[petsc-users] Bad memory scaling with PETSc 3.10
Fande Kong
fdkong.jd at gmail.com
Fri May 3 09:45:20 CDT 2019
On Fri, May 3, 2019 at 8:11 AM Myriam Peyrounette <
myriam.peyrounette at idris.fr> wrote:
> Hi,
>
> I plotted new scalings (memory and time) using the new algorithms. I used
> the options *-options_left true *to make sure that the options are
> effectively used. They are.
>
> I don't have access to the platform I used to run my computations on, so I
> ran them on a different one. In particular, I can't reach problem size =
> 1e8 and the values might be different from the previous scalings I sent
> you. But the comparison of the PETSc versions and options is still
> relevant.
>
> I plotted the scalings of reference: the "good" one (PETSc 3.6.4) in
> green, the "bad" one (PETSc 3.10.2) in blue.
>
> I used the commit d330a26 (3.11.1) for all the other scalings, adding
> different sets of options:
>
> *Light blue* -> -matptap_via
> allatonce -mat_freeintermediatedatastructures 1
> *Orange* -> -matptap_via allatonce_*merged* -mat_freeintermediatedatastructures
> 1
>
As said earlier, you should use these two combinations only.

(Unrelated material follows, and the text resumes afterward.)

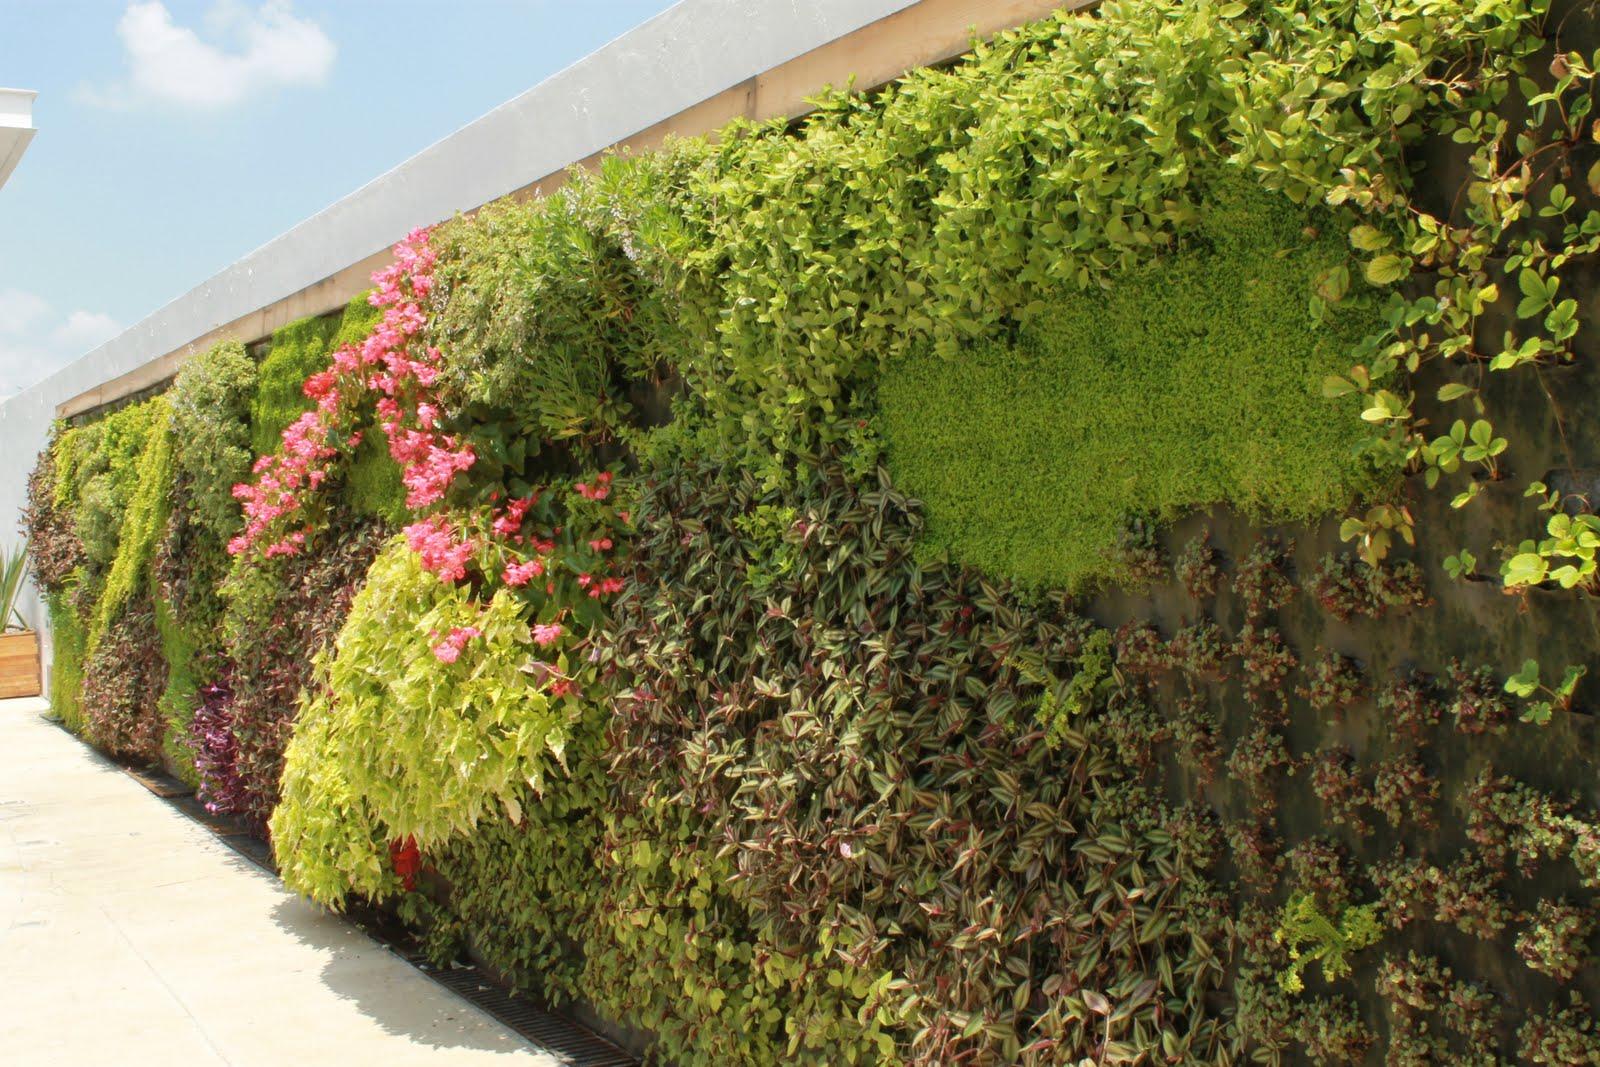 Jardines verticales yves muro verde en andares for Verde vertical jardines verticales

> *Purple* -> -matptap_via allatonce -mat_freeintermediatedatastructures 1 *-inner_diag_matmatmult_via
> scalable -inner_offdiag_matmatmult_via scalable*
>
Do not use it since it does not make any sense. The new algorithm does not
need *-inner_diag_matmatmult_via scalable -inner_offdiag_matmatmult_via
scalable*
> *Yellow*: -matptap_via allatonce_*merged* -mat_freeintermediatedatastructures
> 1 *-inner_diag_matmatmult_via scalable -inner_offdiag_matmatmult_via
> scalable*
>
Do not use these.
> Conclusion: with regard to memory, the two algorithms imply a similarly
> good improvement of the scaling. The use of the
> -inner_(off)diag_matmatmult_via options is also very interesting.
>
The use of the -inner_(off)diag_matmatmult_via should not change anything
since I do not need these options at all in ``allatonce" and
``allatonce_merged".
Thanks,
Fande,
The scaling is still not as good as 3.6.4 though.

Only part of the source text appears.